How does Spice achieve high availability without etcd or ZooKeeper?

Spice schedulers coordinate through object store conditional writes (S3, Azure Blob, or local filesystem) using optimistic concurrency control with ETag-based versioning. Each scheduler registers, heartbeats, and discovers peers via a shared state directory in the object store, removing the need for external coordination infrastructure.

What is distributed acceleration and how does partition management work?

Distributed acceleration assigns partitions of accelerated tables to specific executors so queries run against data where it lives.

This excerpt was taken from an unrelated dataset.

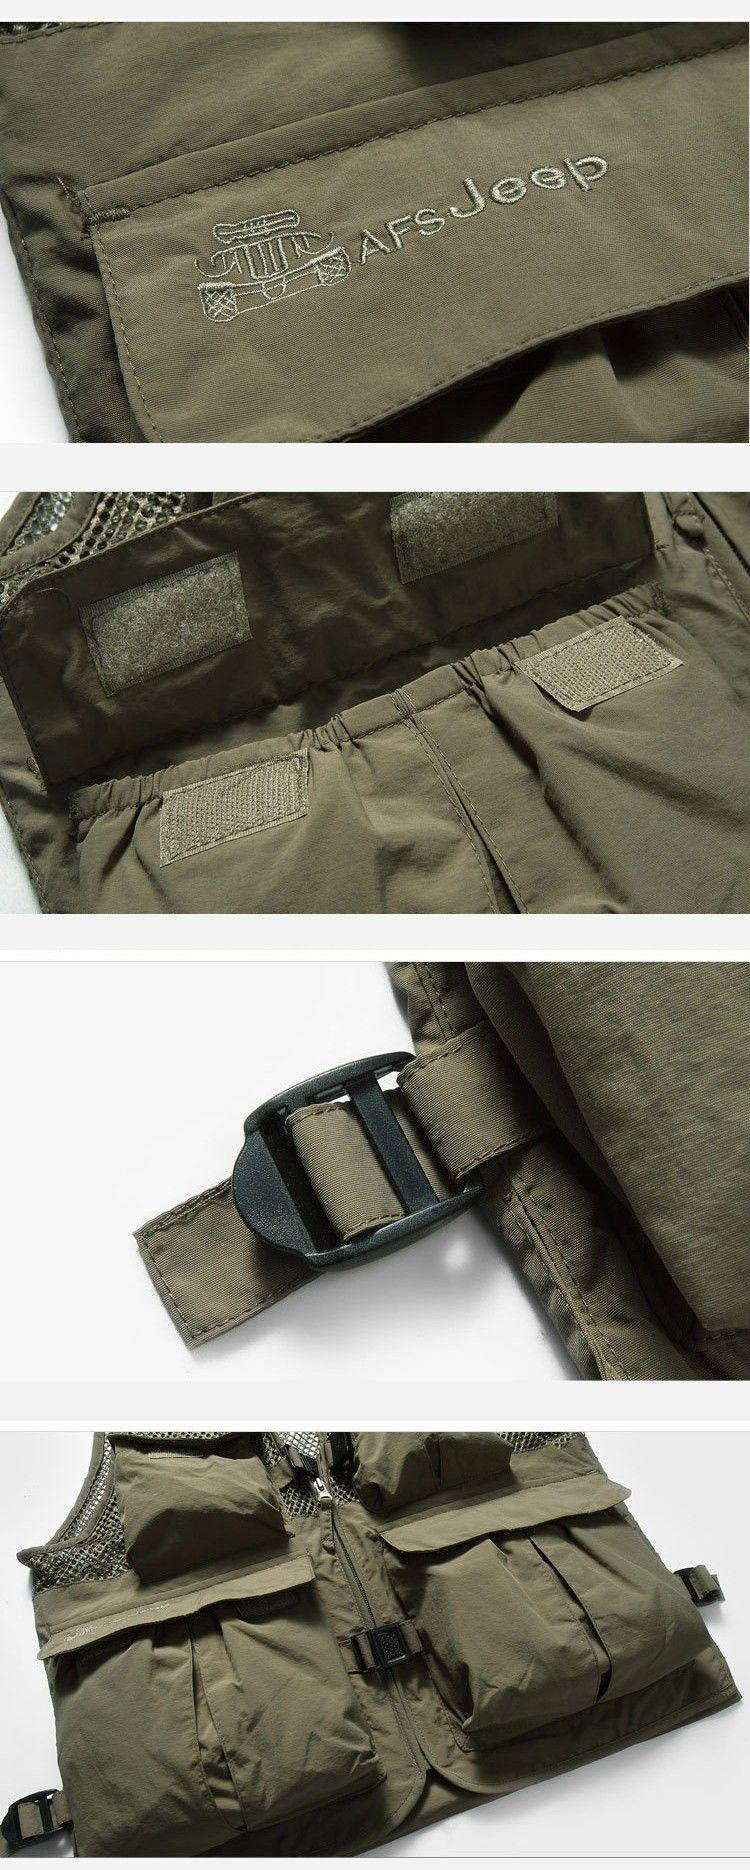 50% OFF High Quality Summer men's Vest Brand Multifunctional Quick Dry Mesh Vest Outdoor Casual Vest For Men 55hfx 188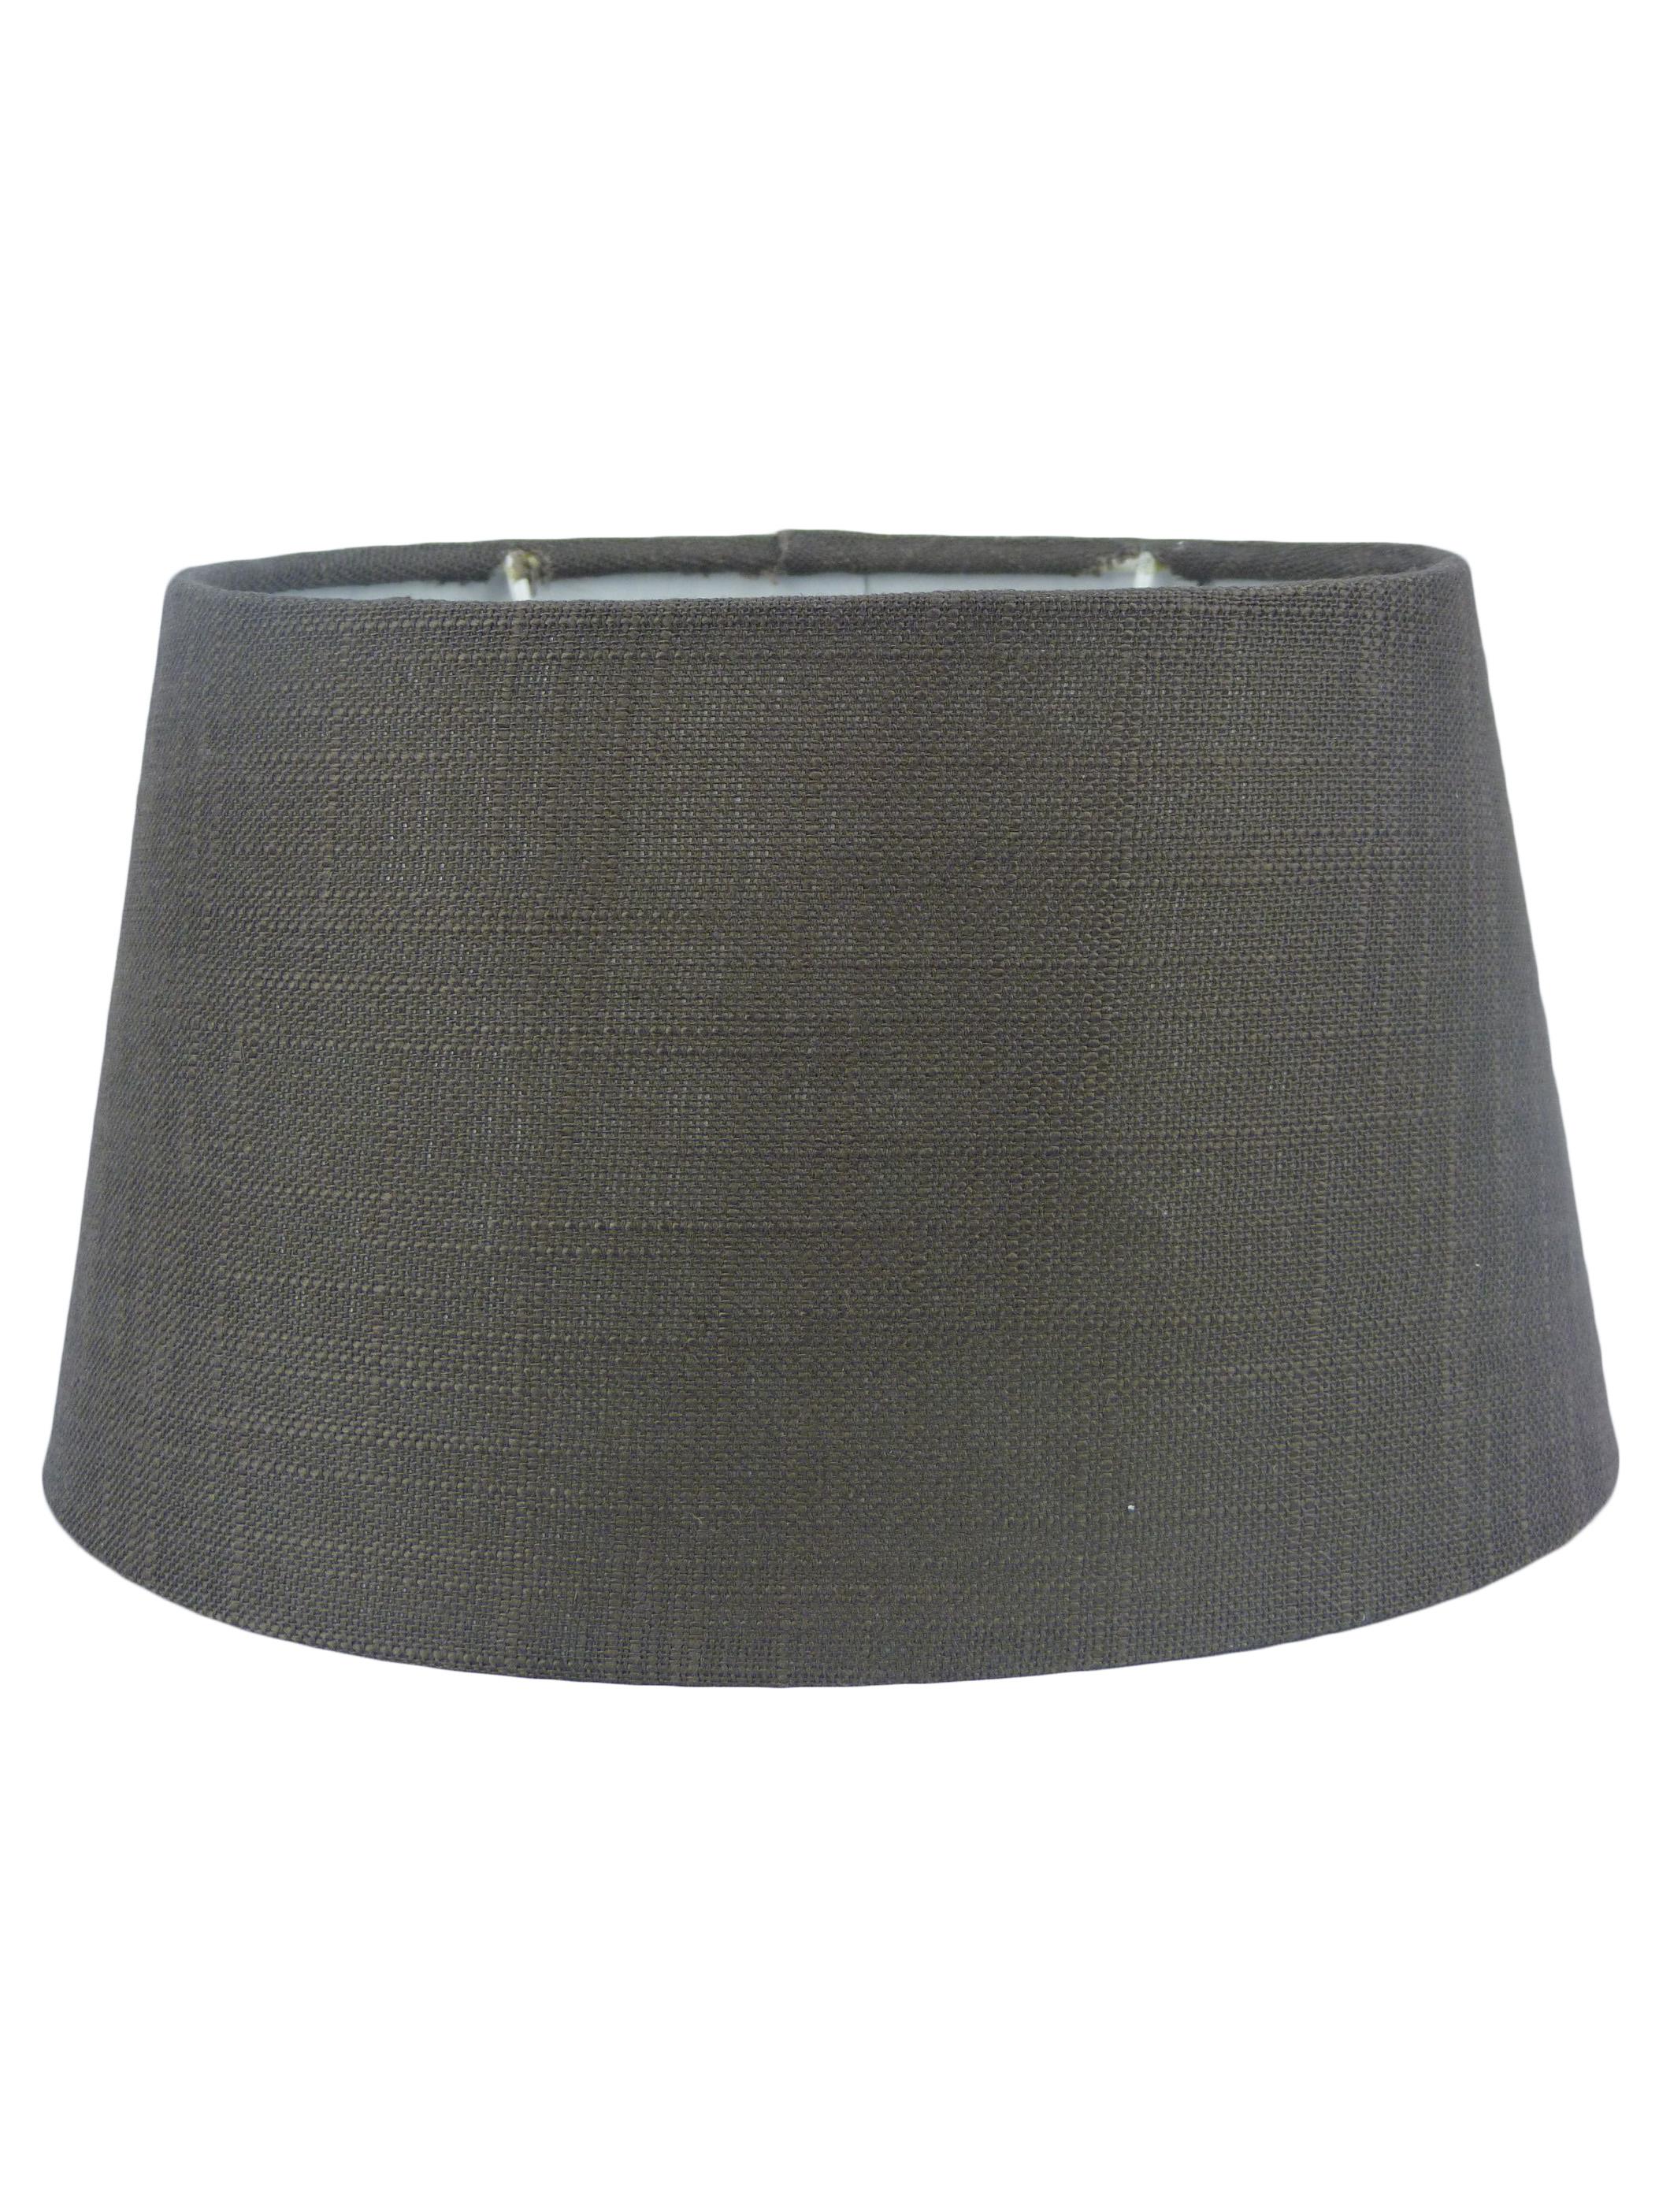 lampenschirm stoff textil leinen shabby chic landhaus. Black Bedroom Furniture Sets. Home Design Ideas

The scheduler discovers partitions, allocates them to executors via optimistic concurrency control, and pushes updates through bidirectional control streams. If an executor goes down, its partitions are automatically reassigned on the next management cycle.

How does distributed embedding work with the embed() UDF?

The query planner captures embedding model requirements during planning and pushes them to executors, which instantiate the model on demand. Each executor processes its assigned partitions in parallel, generates embeddings locally, and shuffles results back, all within a single SQL statement. This pattern generalizes to any compute-heavy UDF.

How does Spice compare to Apache Spark for distributed queries?

Early benchmarks show a Spice cluster running 7.7x faster than Spark on Databricks while using 8x less RAM, a consequence of Rust and Arrow eliminating JVM overhead and garbage collection pauses. Spice also provides a simpler operational model: a single binary, declarative YAML configuration, and built-in mTLS, compared to Spark's JVM-based ecosystem and external cluster managers.